_WHAT THE TASK REQUIRES_:
Working from the entries below, give again each line from the first through the one containing "Francouzská registrační značka", exactly and with nothing else.

(Stored items from a collection)
[Start of Attachment]
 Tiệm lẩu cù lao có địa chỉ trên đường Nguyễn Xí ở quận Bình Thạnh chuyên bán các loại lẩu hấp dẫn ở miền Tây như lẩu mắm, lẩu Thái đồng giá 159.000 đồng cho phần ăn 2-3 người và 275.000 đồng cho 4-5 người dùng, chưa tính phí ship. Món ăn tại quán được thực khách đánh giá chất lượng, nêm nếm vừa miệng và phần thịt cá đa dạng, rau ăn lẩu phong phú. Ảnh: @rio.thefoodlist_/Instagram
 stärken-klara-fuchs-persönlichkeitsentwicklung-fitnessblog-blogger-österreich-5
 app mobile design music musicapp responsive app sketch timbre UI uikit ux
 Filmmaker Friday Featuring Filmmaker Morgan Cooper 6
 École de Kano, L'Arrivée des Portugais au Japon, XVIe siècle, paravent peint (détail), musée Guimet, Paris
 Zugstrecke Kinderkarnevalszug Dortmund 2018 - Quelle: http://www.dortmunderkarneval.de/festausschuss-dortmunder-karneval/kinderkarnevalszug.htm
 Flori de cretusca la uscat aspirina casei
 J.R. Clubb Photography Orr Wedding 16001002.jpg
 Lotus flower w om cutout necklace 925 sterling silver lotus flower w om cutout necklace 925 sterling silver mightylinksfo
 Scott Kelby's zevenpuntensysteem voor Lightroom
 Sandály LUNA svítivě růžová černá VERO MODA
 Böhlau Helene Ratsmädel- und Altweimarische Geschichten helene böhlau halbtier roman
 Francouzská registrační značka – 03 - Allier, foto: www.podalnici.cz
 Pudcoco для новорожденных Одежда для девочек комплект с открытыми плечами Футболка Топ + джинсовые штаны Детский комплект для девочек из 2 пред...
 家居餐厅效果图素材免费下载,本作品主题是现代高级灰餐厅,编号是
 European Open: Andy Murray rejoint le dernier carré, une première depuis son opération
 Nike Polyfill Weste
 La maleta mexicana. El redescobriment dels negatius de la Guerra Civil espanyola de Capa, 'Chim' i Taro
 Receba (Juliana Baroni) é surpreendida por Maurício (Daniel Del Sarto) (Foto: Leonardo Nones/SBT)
[End of Attachment]
_REPLY_:
 Tiệm lẩu cù lao có địa chỉ trên đường Nguyễn Xí ở quận Bình Thạnh chuyên bán các loại lẩu hấp dẫn ở miền Tây như lẩu mắm, lẩu Thái đồng giá 159.000 đồng cho phần ăn 2-3 người và 275.000 đồng cho 4-5 người dùng, chưa tính phí ship. Món ăn tại quán được thực khách đánh giá chất lượng, nêm nếm vừa miệng và phần thịt cá đa dạng, rau ăn lẩu phong phú. Ảnh: @rio.thefoodlist_/Instagram
 stärken-klara-fuchs-persönlichkeitsentwicklung-fitnessblog-blogger-österreich-5
 app mobile design music musicapp responsive app sketch timbre UI uikit ux
 Filmmaker Friday Featuring Filmmaker Morgan Cooper 6
 École de Kano, L'Arrivée des Portugais au Japon, XVIe siècle, paravent peint (détail), musée Guimet, Paris
 Zugstrecke Kinderkarnevalszug Dortmund 2018 - Quelle: http://www.dortmunderkarneval.de/festausschuss-dortmunder-karneval/kinderkarnevalszug.htm
 Flori de cretusca la uscat aspirina casei
 J.R. Clubb Photography Orr Wedding 16001002.jpg
 Lotus flower w om cutout necklace 925 sterling silver lotus flower w om cutout necklace 925 sterling silver mightylinksfo
 Scott Kelby's zevenpuntensysteem voor Lightroom
 Sandály LUNA svítivě růžová černá VERO MODA
 Böhlau Helene Ratsmädel- und Altweimarische Geschichten helene böhlau halbtier roman
 Francouzská registrační značka – 03 - Allier, foto: www.podalnici.cz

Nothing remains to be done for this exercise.